*** Opening of THE DATA ***

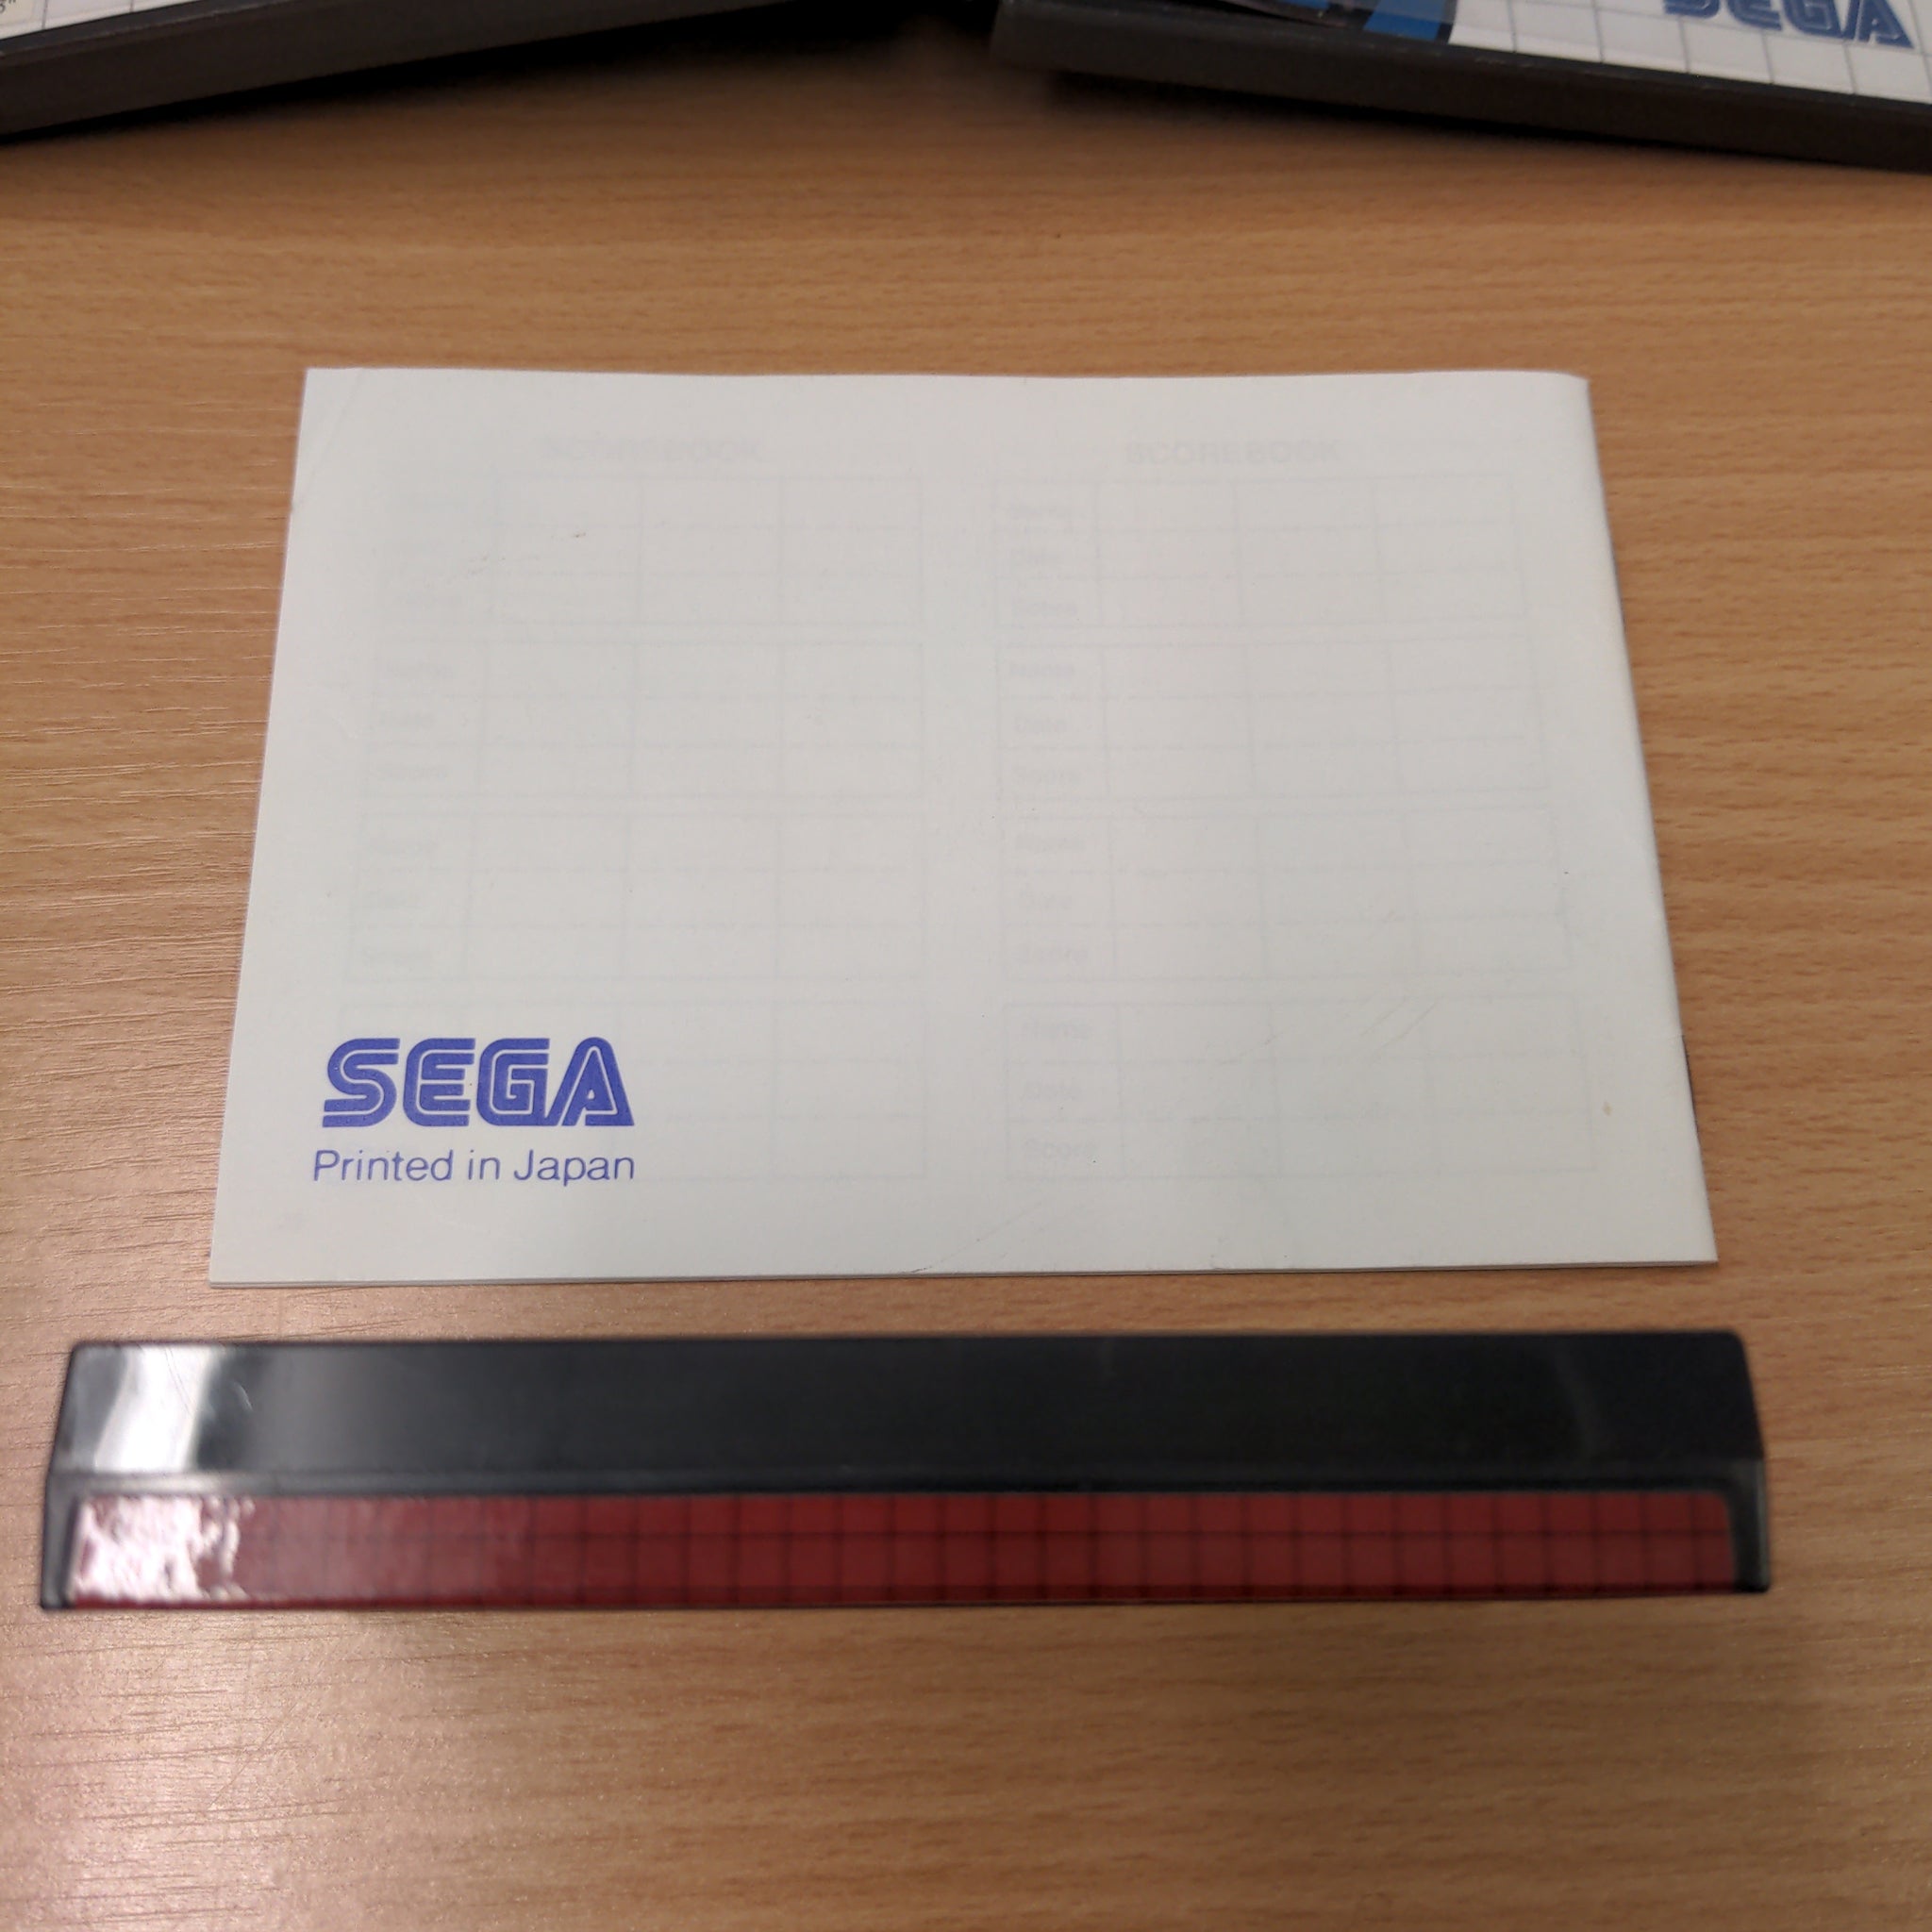 The Ninja Sega Master System game
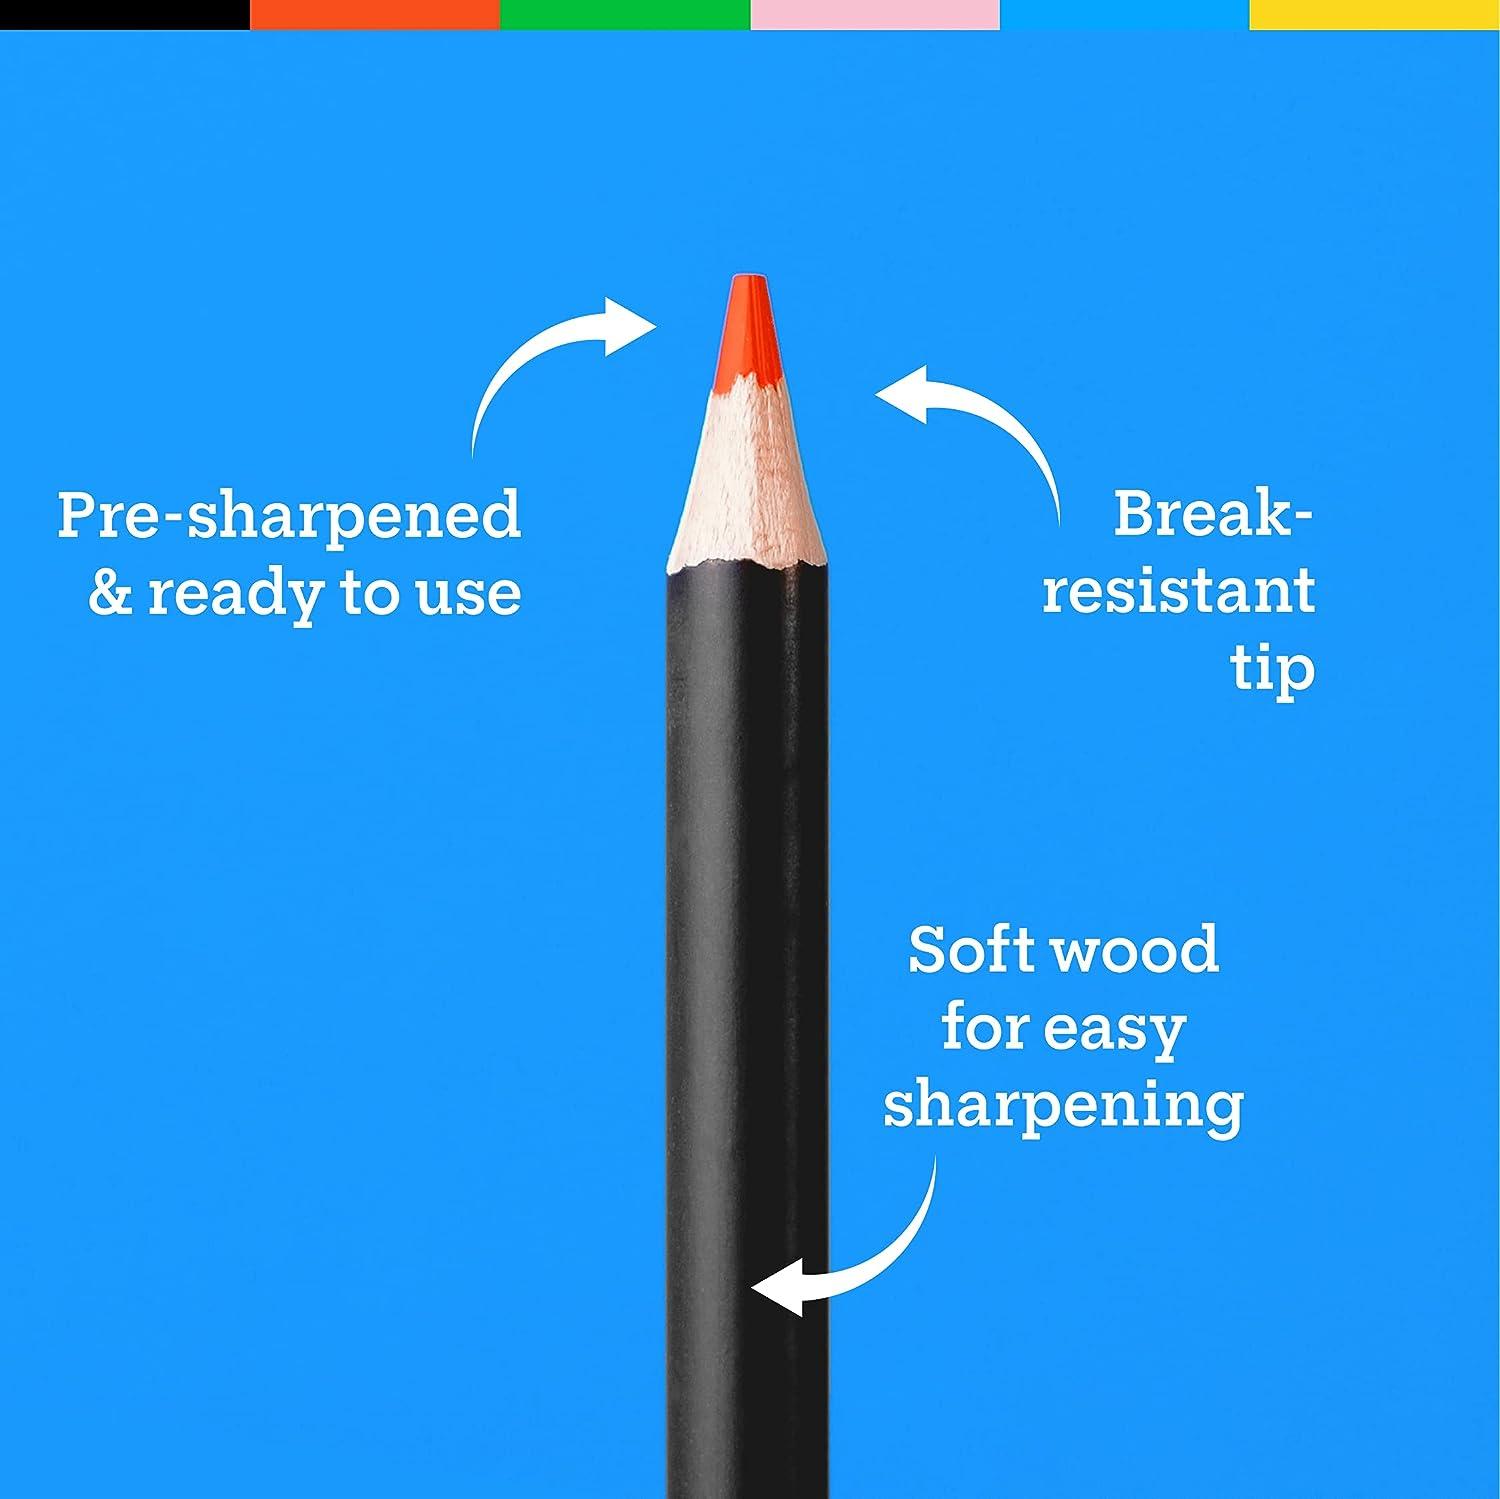 Pencils Favorites Bundle, Fuel Your Creativity  Acrylic paint set, Colored  pencil set, Colored pencils
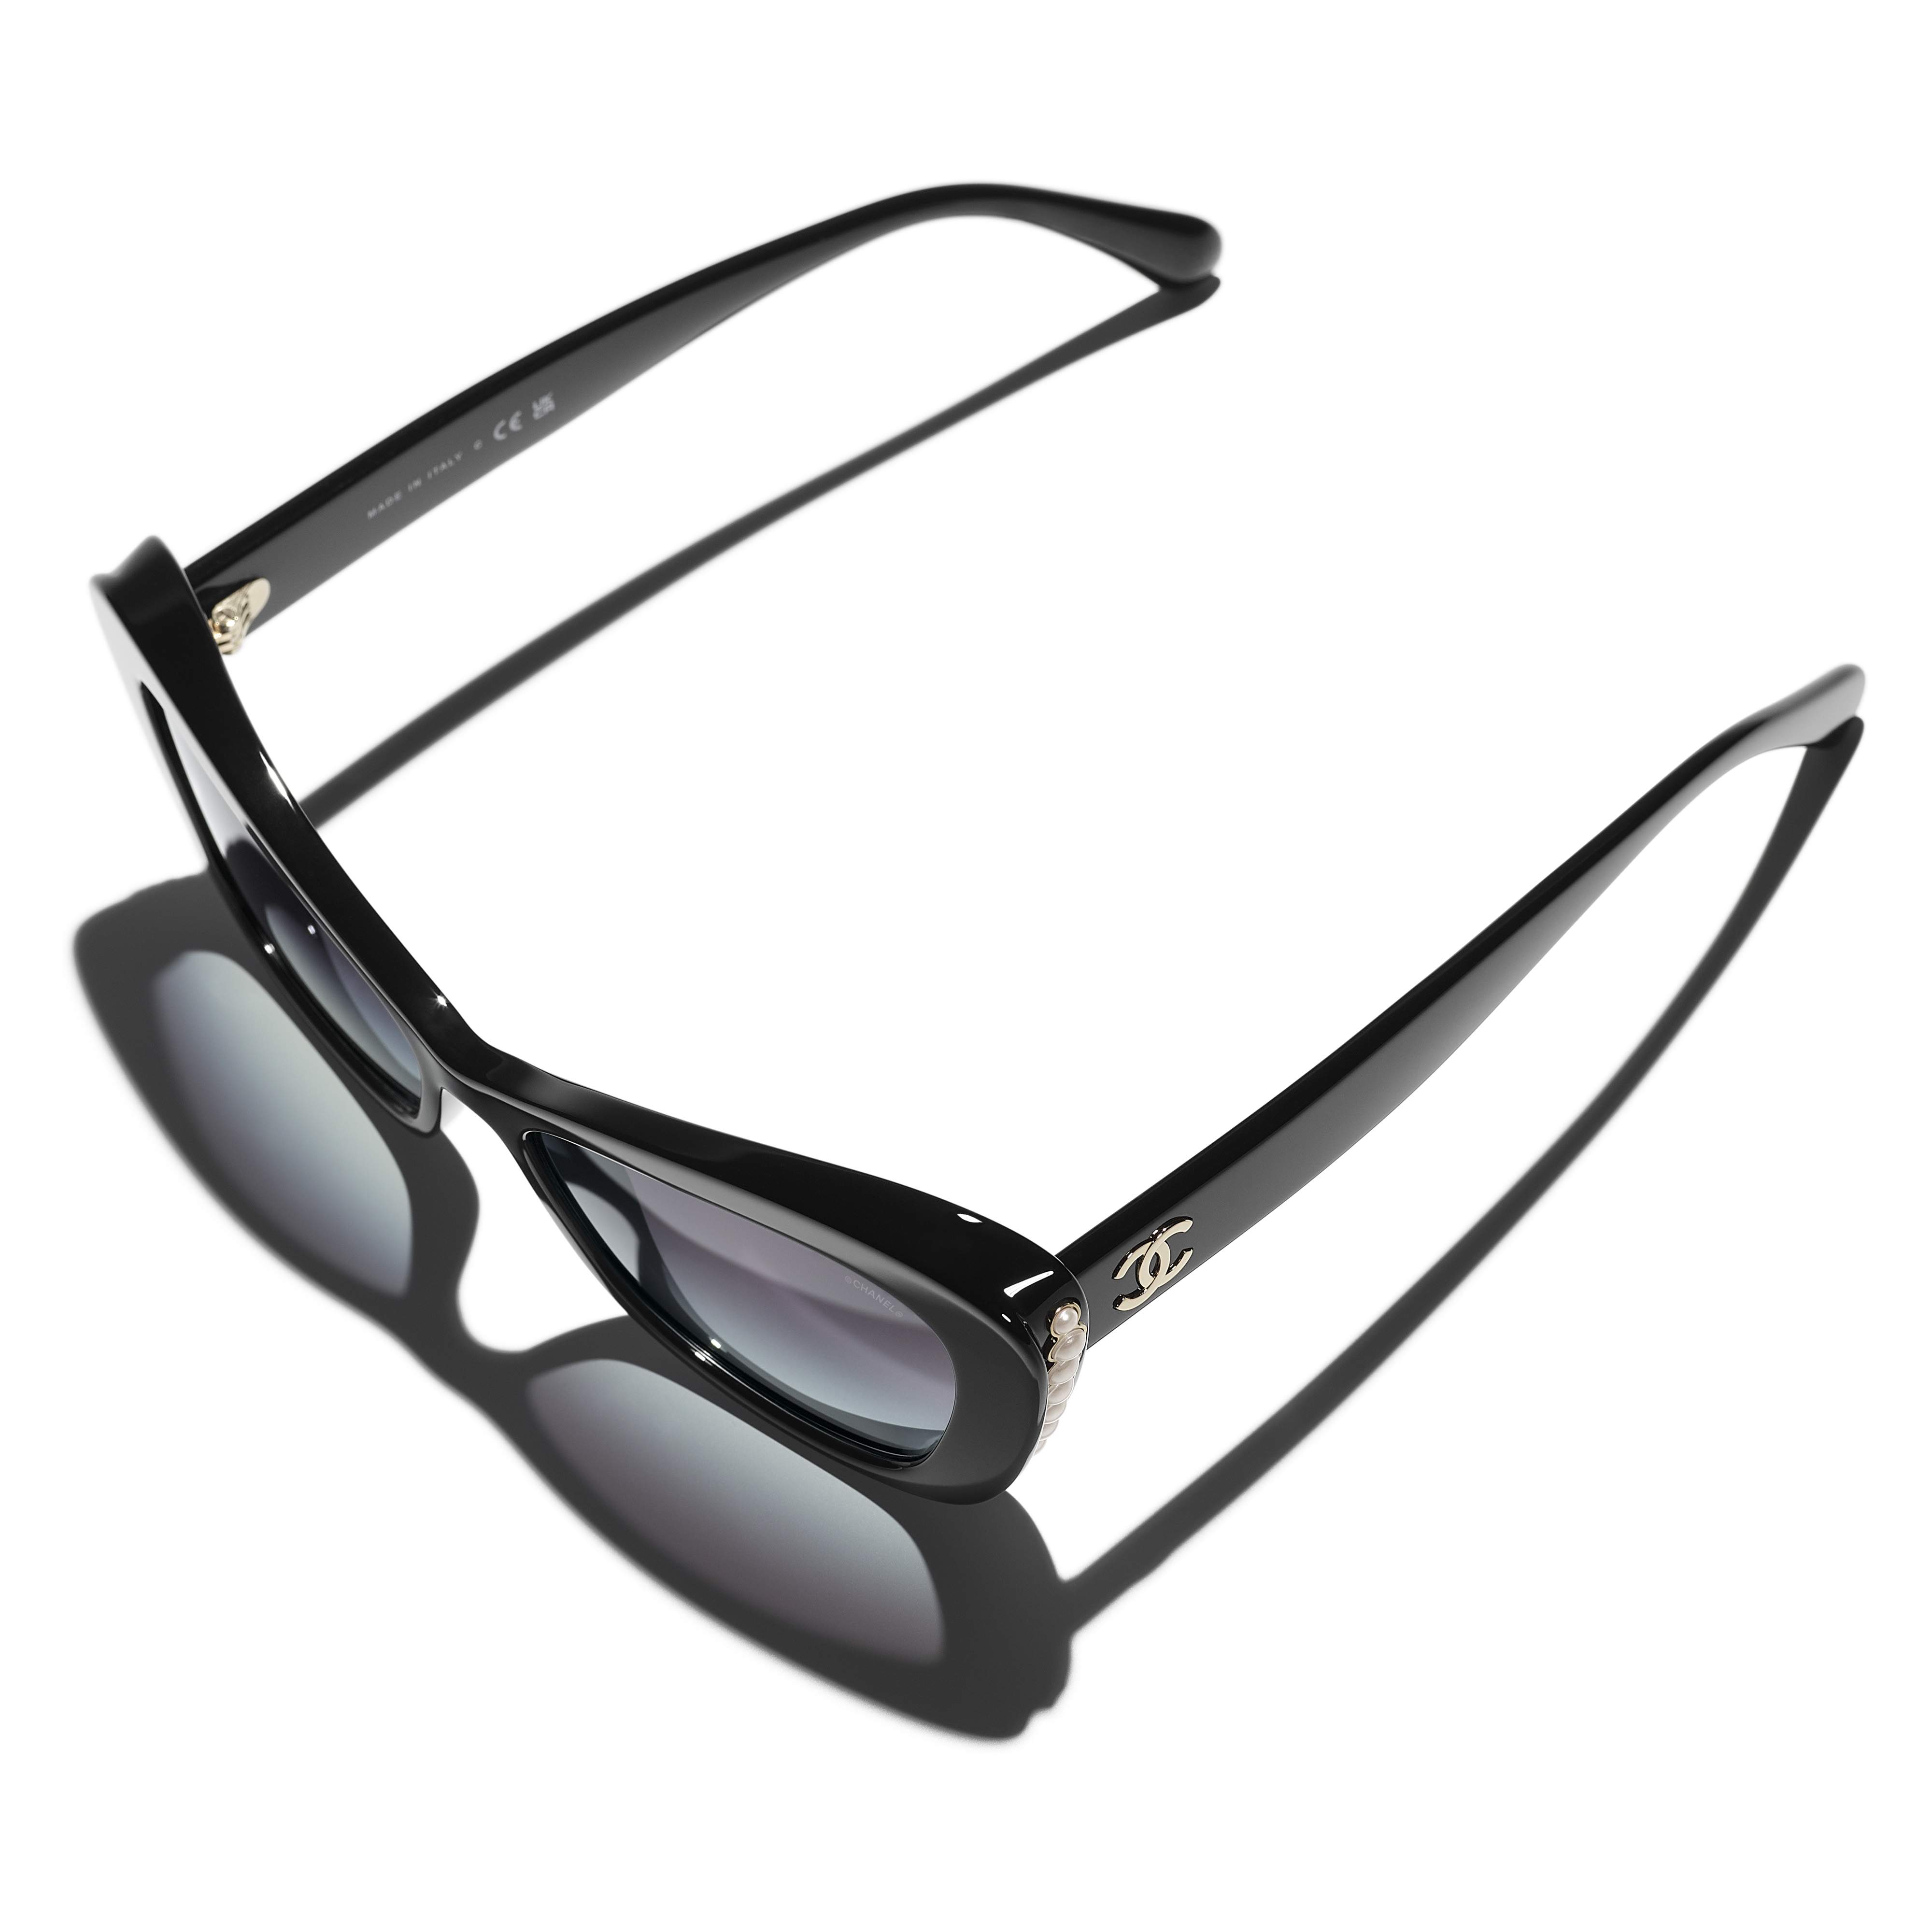 Sunglasses CHANEL CH5496B C622/S6 56-16 Black in stock

*** Close of THE DATA ***

_WHAT IS EXPECTED_: Restate the full listing verbatim and drop every picture.

_RESPONSE TO THIS EXERCISE_:
 The Ninja Sega Master System game
 Pencils Favorites Bundle, Fuel Your Creativity  Acrylic paint set, Colored  pencil set, Colored pencils
 Sunglasses CHANEL CH5496B C622/S6 56-16 Black in stock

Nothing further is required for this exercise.